2020年12月9日
臨床検査機器・体外診断用医薬品メーカーのアークレイ(本社:京都市中京区)のフィリピン製造子会社であるアークレイ インダストリー社(AII)は、「i-densy Pack UNIVERSAL」を使用した逆転写ポリメラーゼ反応(RT-PCR)新型コロナウイルス検査キットの製造を開始した。
フィリピン投資委員会(BOI)の12月4日発表によると、ルソン島バタンガス州ファーストフィリピン・インダストリアルパーク(FPIP)に立地するAIIは、2020年9月にフィリピン経済区(PEZA)の承認を得て、上記のような新型コロナウイルス検査キットの製造を開始した。検査キットの貯蔵寿命が短いため、現在は、受注生産で顧客のニーズに対応しているが、今後事業拡大に伴い500人を雇用する計画とのことである。この検査キットの価格は1セット1,600ペソ、検査所要時間は90分、検査精度は90~98%と高水準とも発表されている。
新型コロナウイルスの感染拡大防止には、早期発見に向けた検査体制の拡充が不可欠である。
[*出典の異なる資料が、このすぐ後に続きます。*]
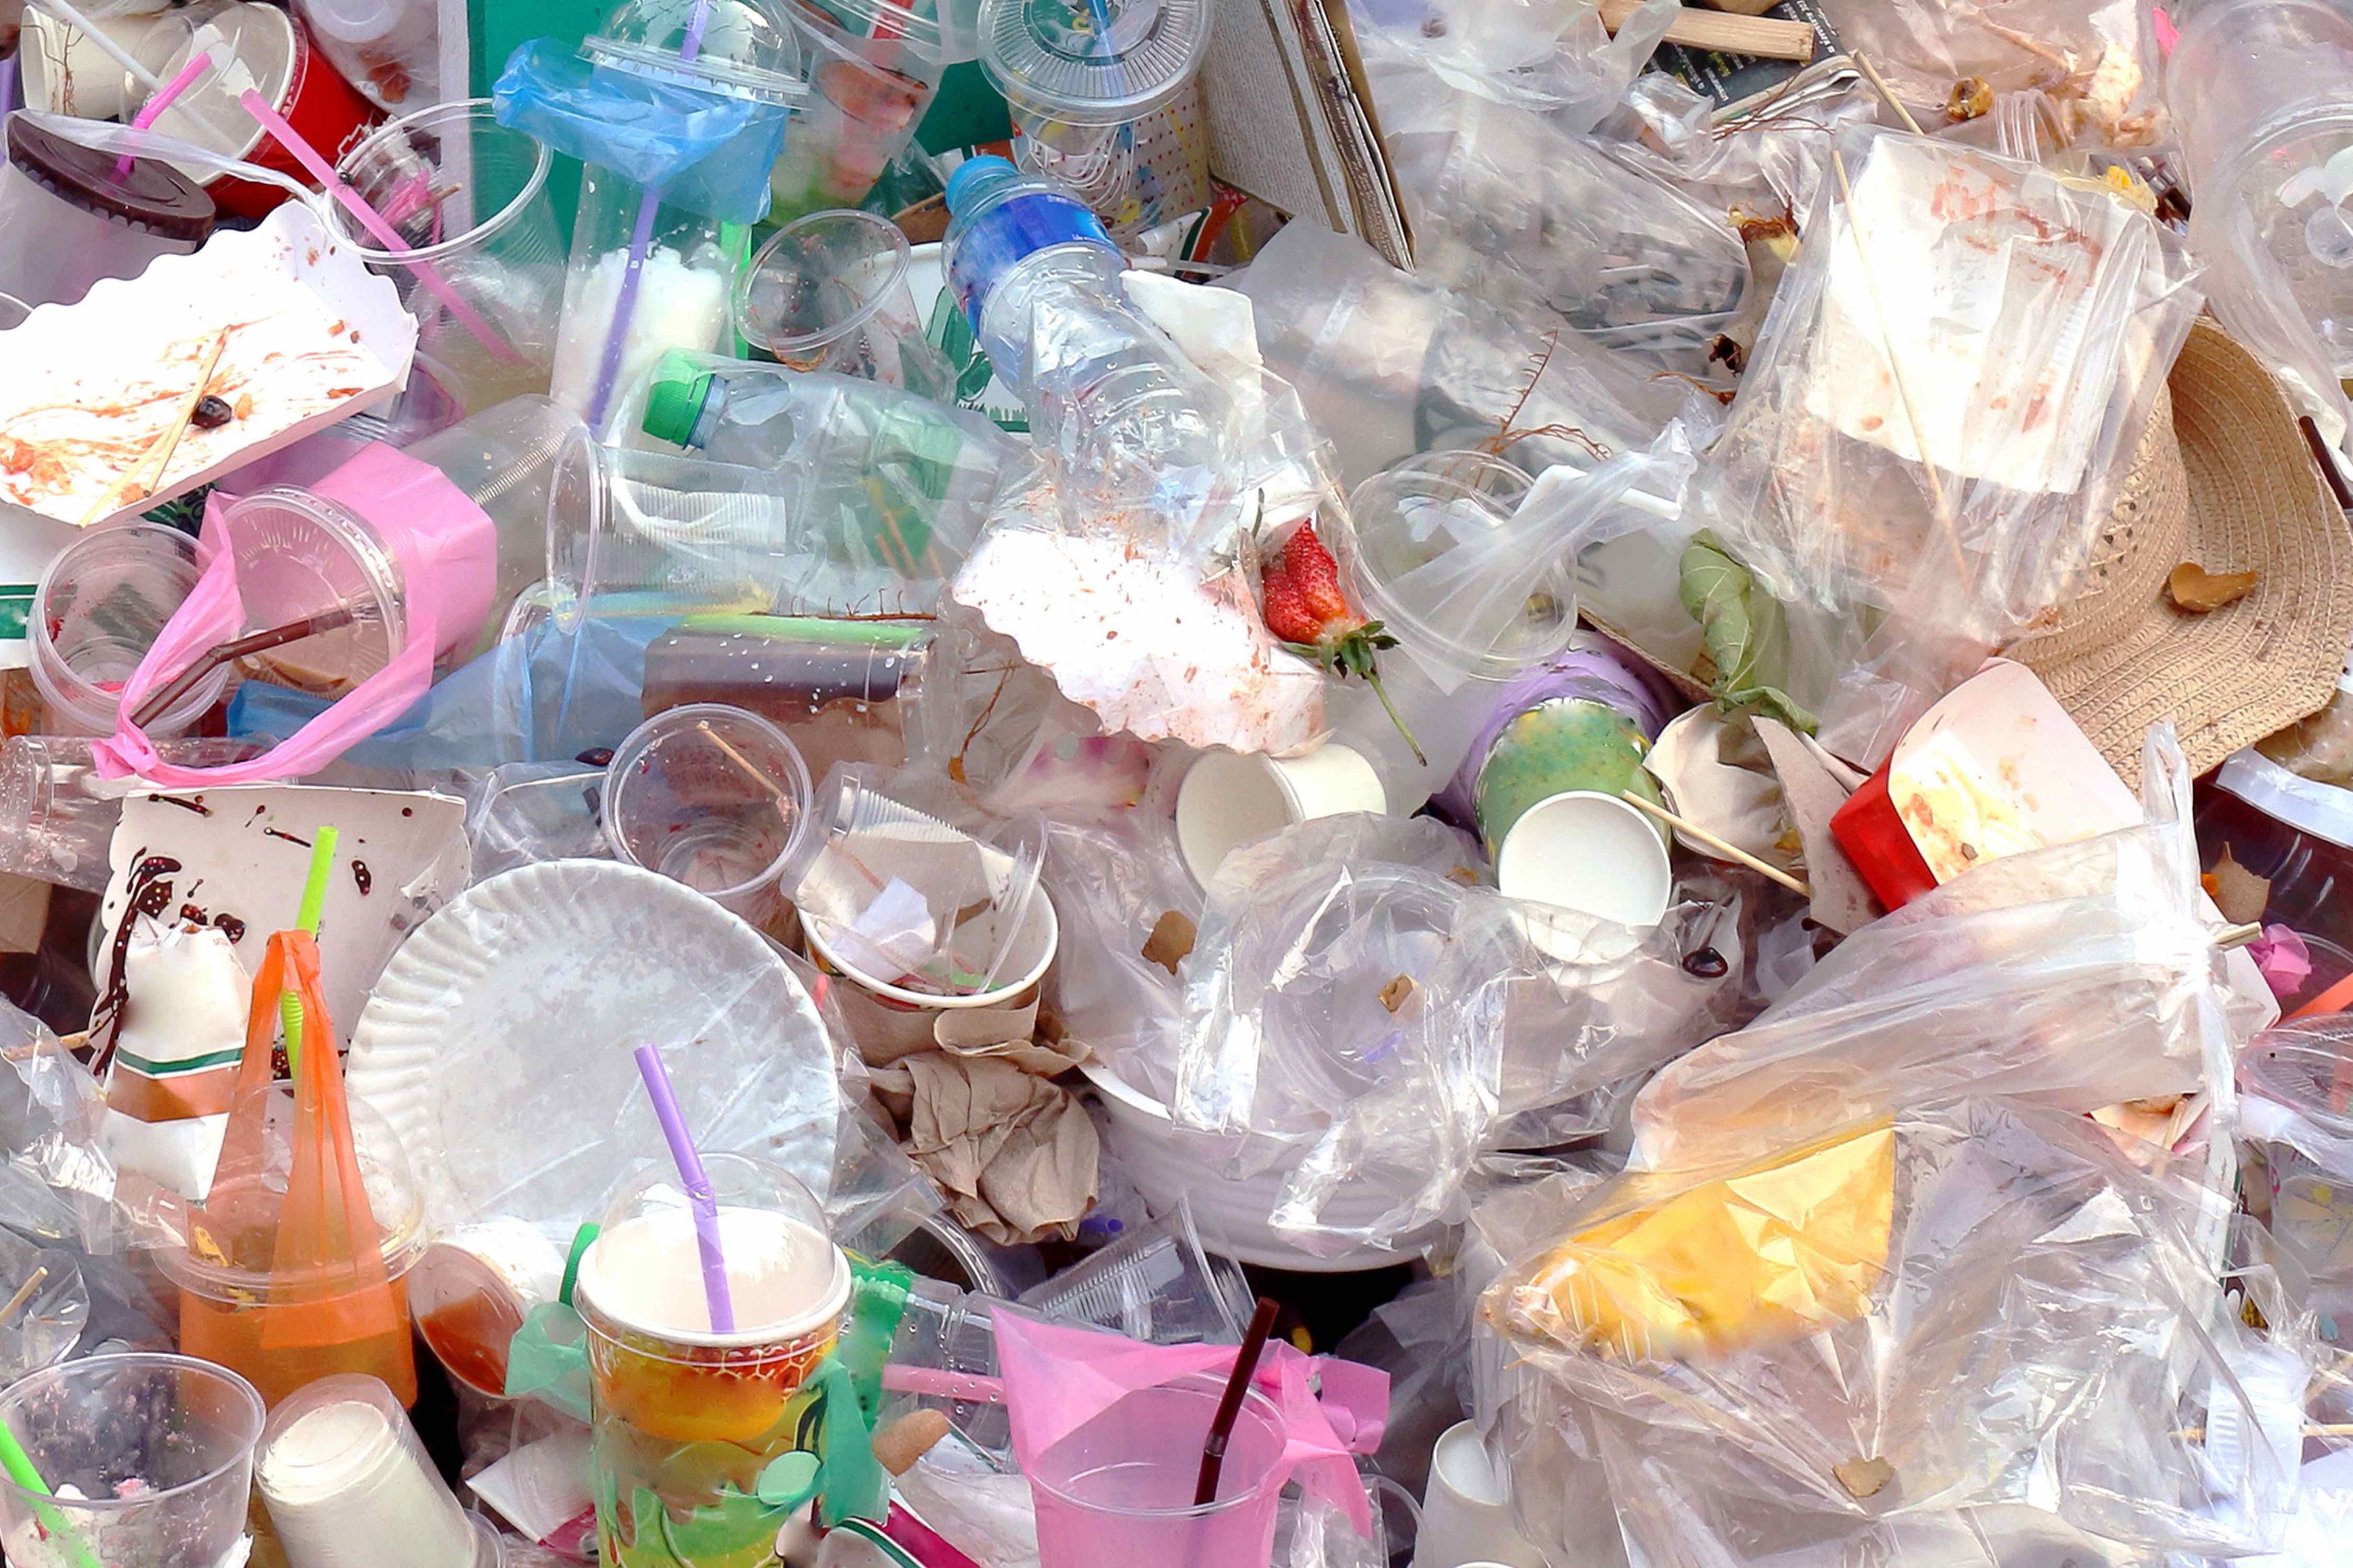 Cintai bumi, kurangi pemakaian plastik!

今回、フィリピンで生産が開始されたアークレイの遺伝子解析装置「i-densy(アイデンシー)」用検査薬キット「i-densy Pack UNIVERSAL」を用いた新型コロナウイルス検査法 (i-densy Pack UNIVERSAL SARS-CoV-2検出システム)は、2020年6月、新型コロナウイルスのPCR検査における日本の公的医療保険適用の対象となった。
アークレイが2009年より販売している遺伝子解析装置「i-densyシリーズ」は、日本全国の多くの医療機関に導入されており、院内における新型コロナウイルスの迅速なRT-PCR検査を実現。「i-densy IS-5320」は、煩雑で手間のかかるRT-PCR検査を全自動化し、迅速な結果報告のみならず、医療従事者の負担も軽減する。 アークレイ インダストリー社は、このRT-PCR検査用遺伝子解析装置「i-densyシリーズ」の製造も検討している。
アークレイは、フィリピンにおいて、AIIのほか、AIIの姉妹会社であるアークレイ ウエスト(所在地:カビテ州ロサリオのカビテ経済区)、販売・カスタマーサービス担当のアークレイ社(所在地:マニラ首都圏モンテンルパ市アラバン)を有している。
なお、フィリピン政府は先週、RT-PCR検査の価格上限を発表した。民間の検査機関は1検査当り上限4,500ペソ~5,000ペソ、公的検査機関は同3,800ペソとされている。